Functional proposals

Overall strings processing flow

(Follow the attached UML flow diagram)

UML: Overall string processing flow

All string definitions are kept in a central database togeteher with other all meta-data (branch, where does the string come from, what was its history etc.). Officially maintained language packs are referred to as master in this proposal. Every language pack can have its parent defined. The English language pack can be seen as the greatest common parent of all language packs.
During upgrade or on demand, the relevant branch of master language packs are fetched (downloaded) automatically from the central database. Together with the selected language, all its parents, grandparent, great-grandparents, ... etc are downloaded, too.
Administrators can keep local modifications (customizations) of any master pack. We call them local language packs.
Immediately after upgrade (or again, on demand), the string definitions are merged from all available sources. The merge logic is so that the sources for any given string are evaluated in the order like: fr_ca_local, fr_ca, fr_local, fr, en_local, en. Strings are merged for the performance reasons so that the searching for the string to use (local, parent, master, English etc.) is done just once and we do not need to load all possible sources on runtime. After the merge, we have a single place to look for the string definition for every installed language. By default, the location for these merged strings will be $CFG->dataroot/cache/lang/XX/component.php where XX is the language code (fr_ca, fr, en in this example). The benefit is that get_string() can rely on always having the string defined in this file, no other seeking and I/O is needed in runtime.
Together with the merge, strings are compiled into a runtime format that may be optimised in the future. Humans do not modify the compiled format. Strings must be re-merged and re-compiled after any update of master or local packs. During the compilation, syntax checks are performed.
The runtime format we will start with will be very similar with the current one. Strings are defined as array elements indexed by the string identifier. The arrays are defined in separate files for every module. We can, however, modify this in the future. For example, we can divide string definitions into files not by the module name but by the real usage frequency. Strings that are used very often (like at every page) would go into common file which can be loaded during bootstrap. This would reduce memory usage and number of I/O operations.
There will be a way how to let get_string() call a PHP function/method to actually return the translated string instead of a static string definition.
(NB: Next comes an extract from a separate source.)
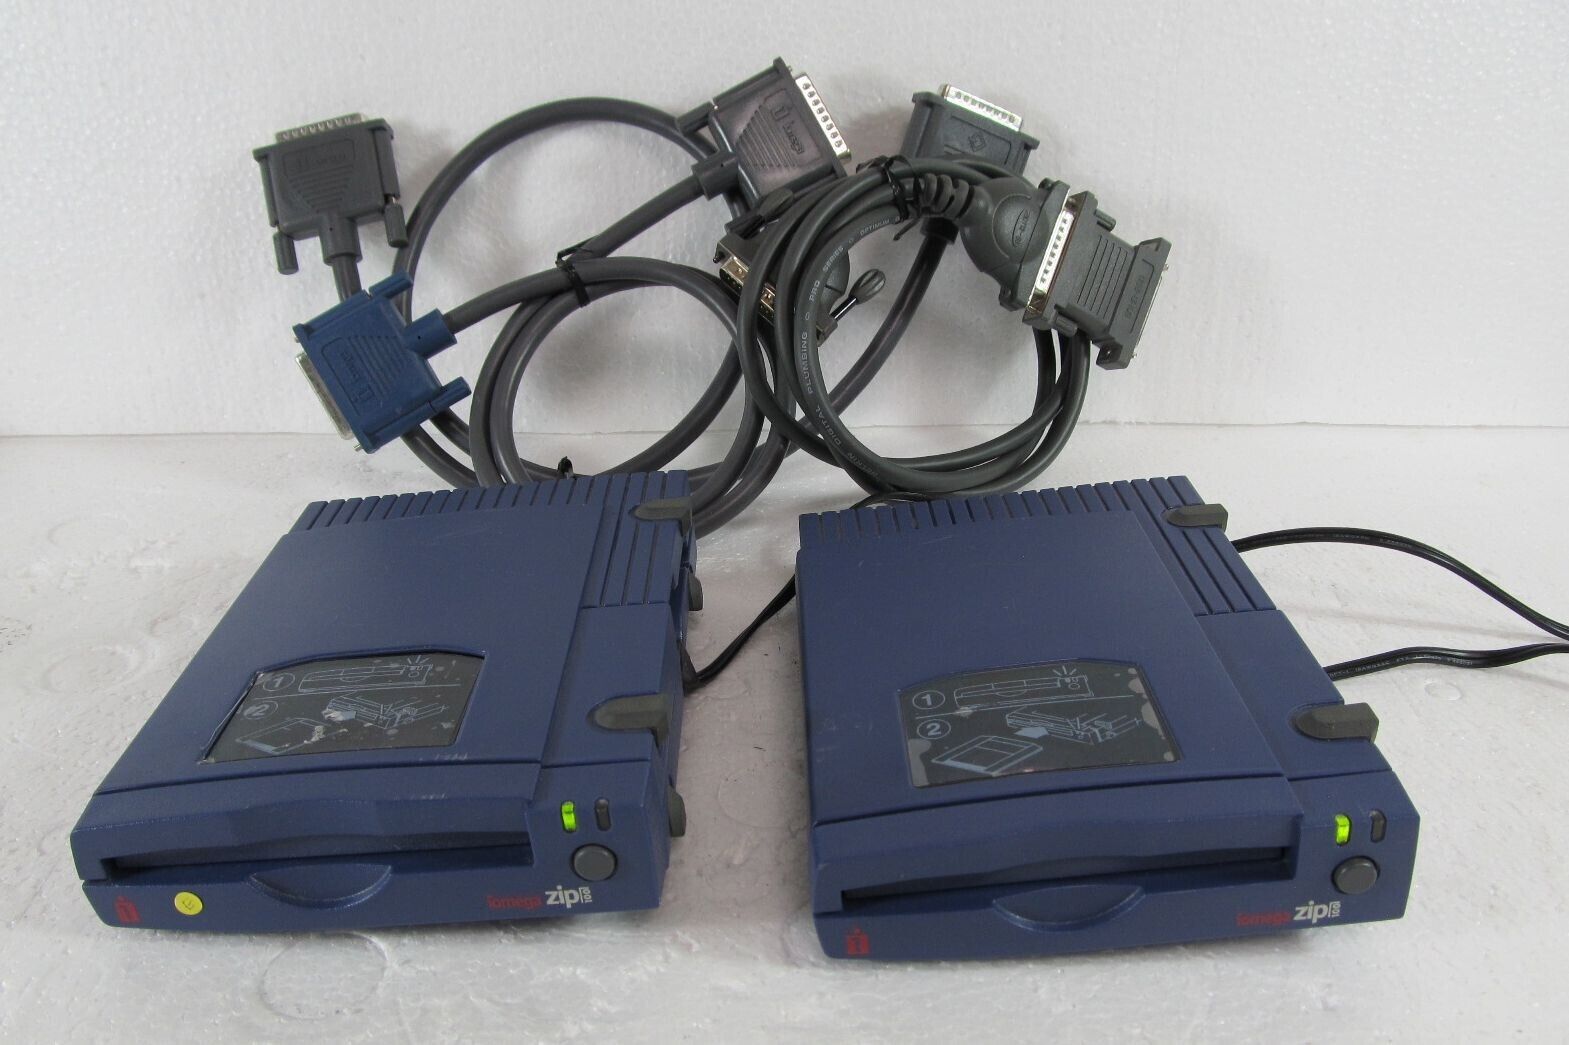 Lot of 2 - Iomega 100MB Zip Drives w/ Power Adapters & Cables - UNTESTED
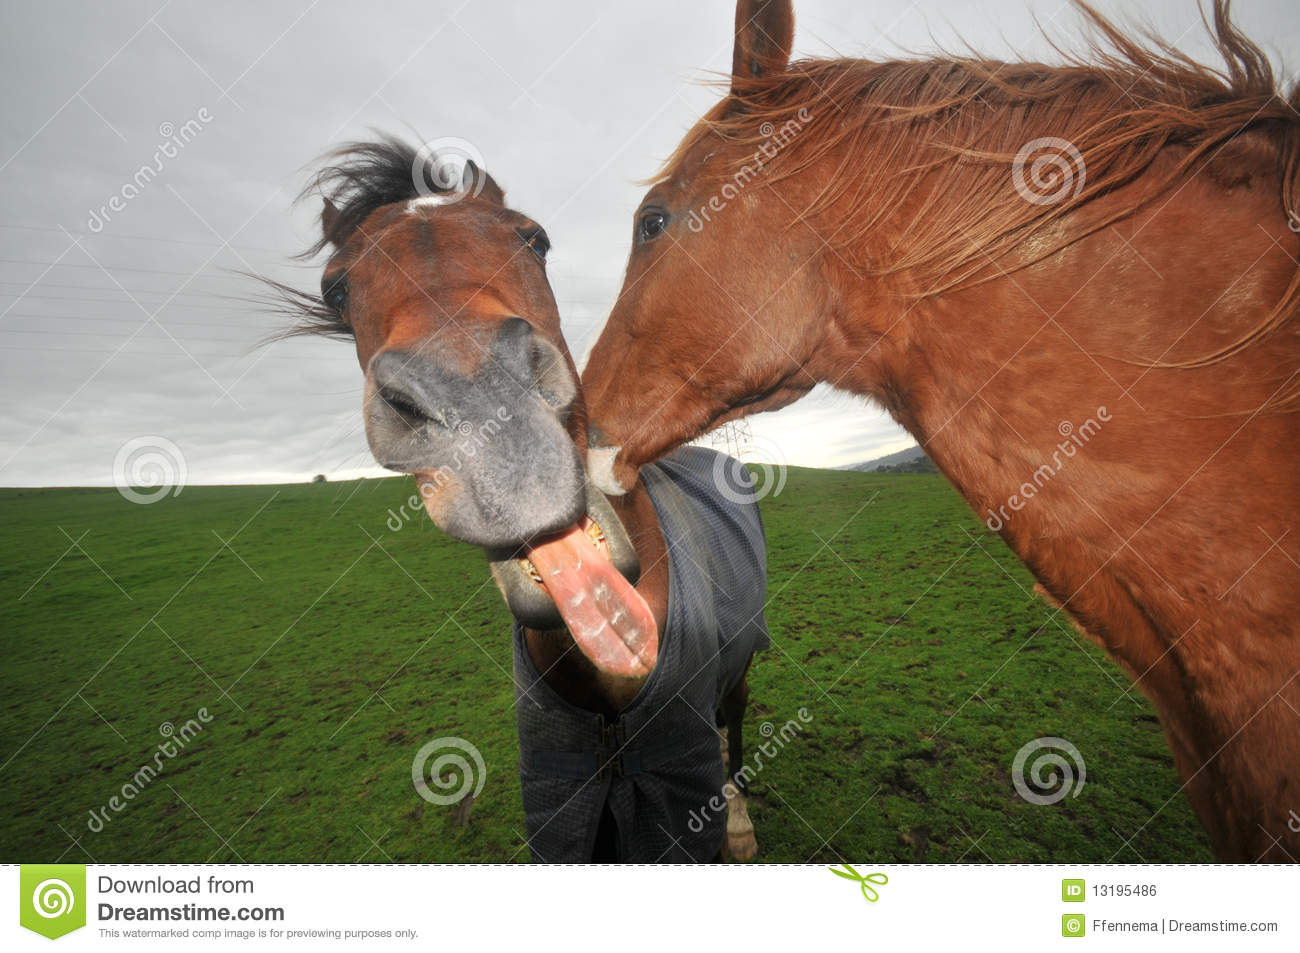 Two Horses Kissing With Mouth Open Royalty Free Stock Image   Image

This will allow advanced translators to deal with many grammar issues they have in their languages (notably singular v plural forms).

Naming and locations

Languages will be reffered to as "en", "cs", "en_us" or "fr_local" etc. Directories will be renamed.
Downloaded lang packs are stored in $CFG->langpacks, which is by default $CFG->datadir/lang. Paranoid admins can change this to a different location that is normally read-only for the web server. Then they will manually switch to read-write when they are performing an upgrade, doing lang editing, or installing a lang pack. The UI should therefore check whether $CFG->langpacks is writable before starting any of these operations, and explain the situation to admins if it is not.
After mergin and compiling, the strings in runtime format are stored in $CFG->dataroot/cache/lang/ (see above).
All core plugins will have their language files in their own scope as the contrib plugins have. So for example workshop strings will be defined in '/mod/workshop/lang/en/workshop.php' instead of legacy '/lang/en_utf8/workshop.php'

HTML help files replaced with ordinary strings

Help should consist of a paragraph or two of a static HTML only, the rest goes to wiki. We will drop help files indices (index of all help files) as well as other dynamically generated helps in favour of wiki. This will make the translation easier as we do not need to have other tools to translate help files.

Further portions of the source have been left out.